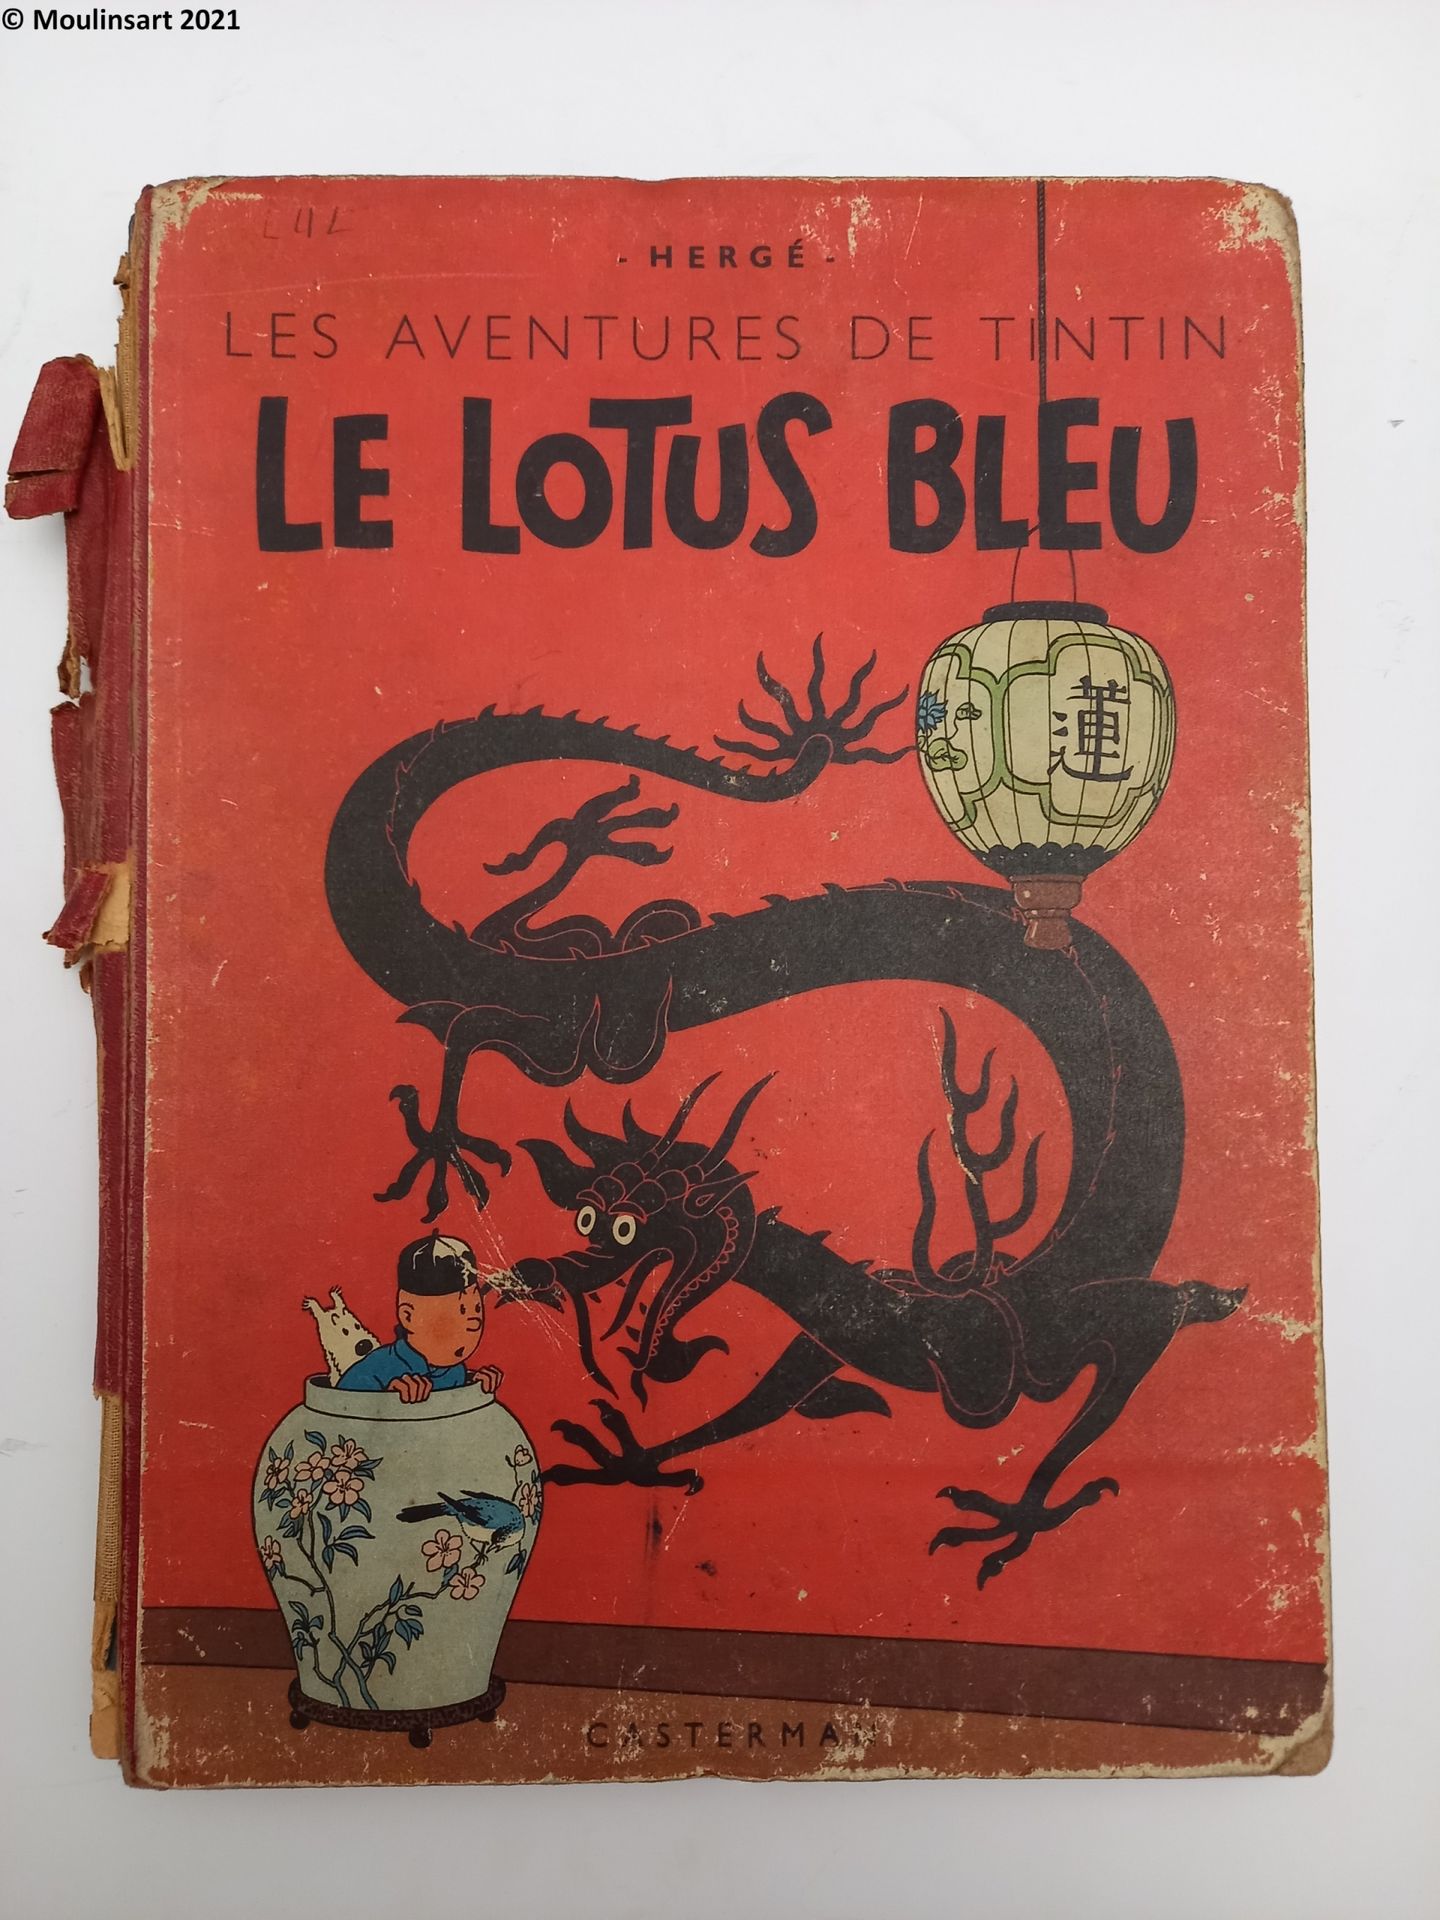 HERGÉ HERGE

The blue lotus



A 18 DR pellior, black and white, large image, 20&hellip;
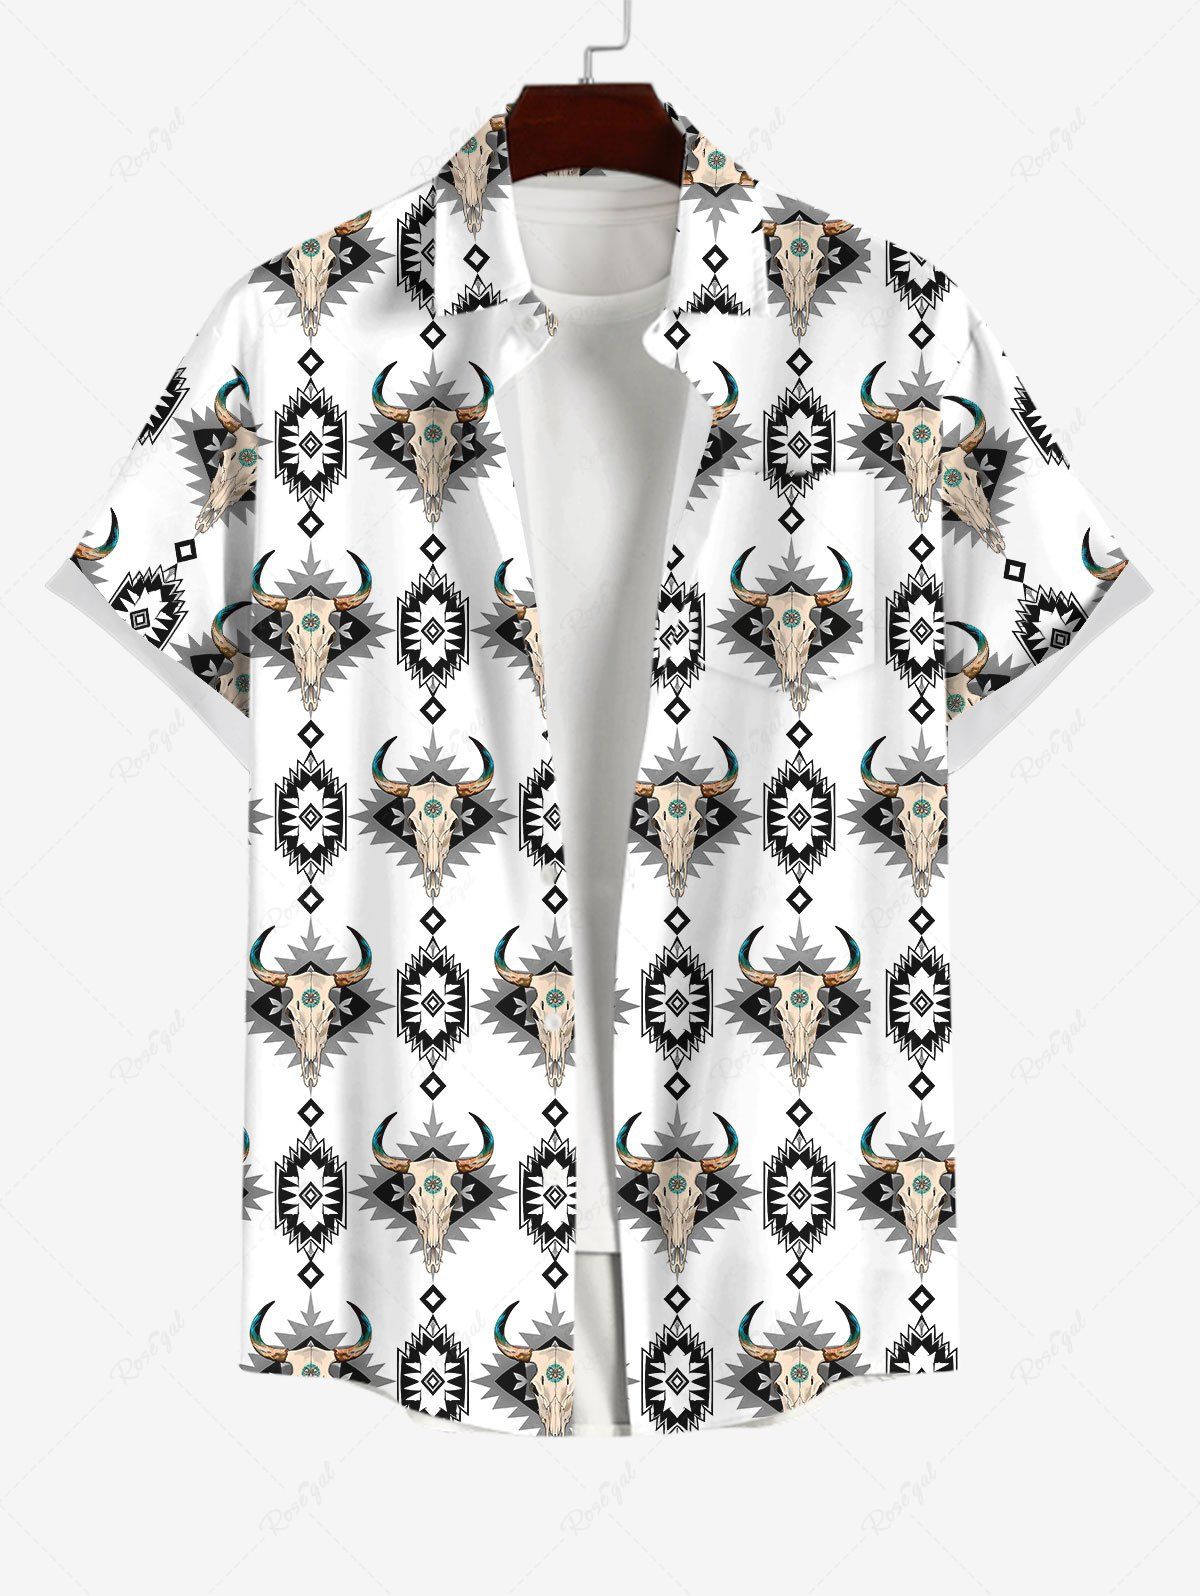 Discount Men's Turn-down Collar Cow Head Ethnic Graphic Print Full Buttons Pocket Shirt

○ ○ ○ ○ ○ ○ ○

# EXERCISE DETAILS
Every line above should be transcribed word for word; leave the pictures out.

# EXERCISE RESULT
 HERGÉ HERGE

The blue lotus



A 18 DR pellior, black and white, large image, 20&hellip;
 Discount Men's Turn-down Collar Cow Head Ethnic Graphic Print Full Buttons Pocket Shirt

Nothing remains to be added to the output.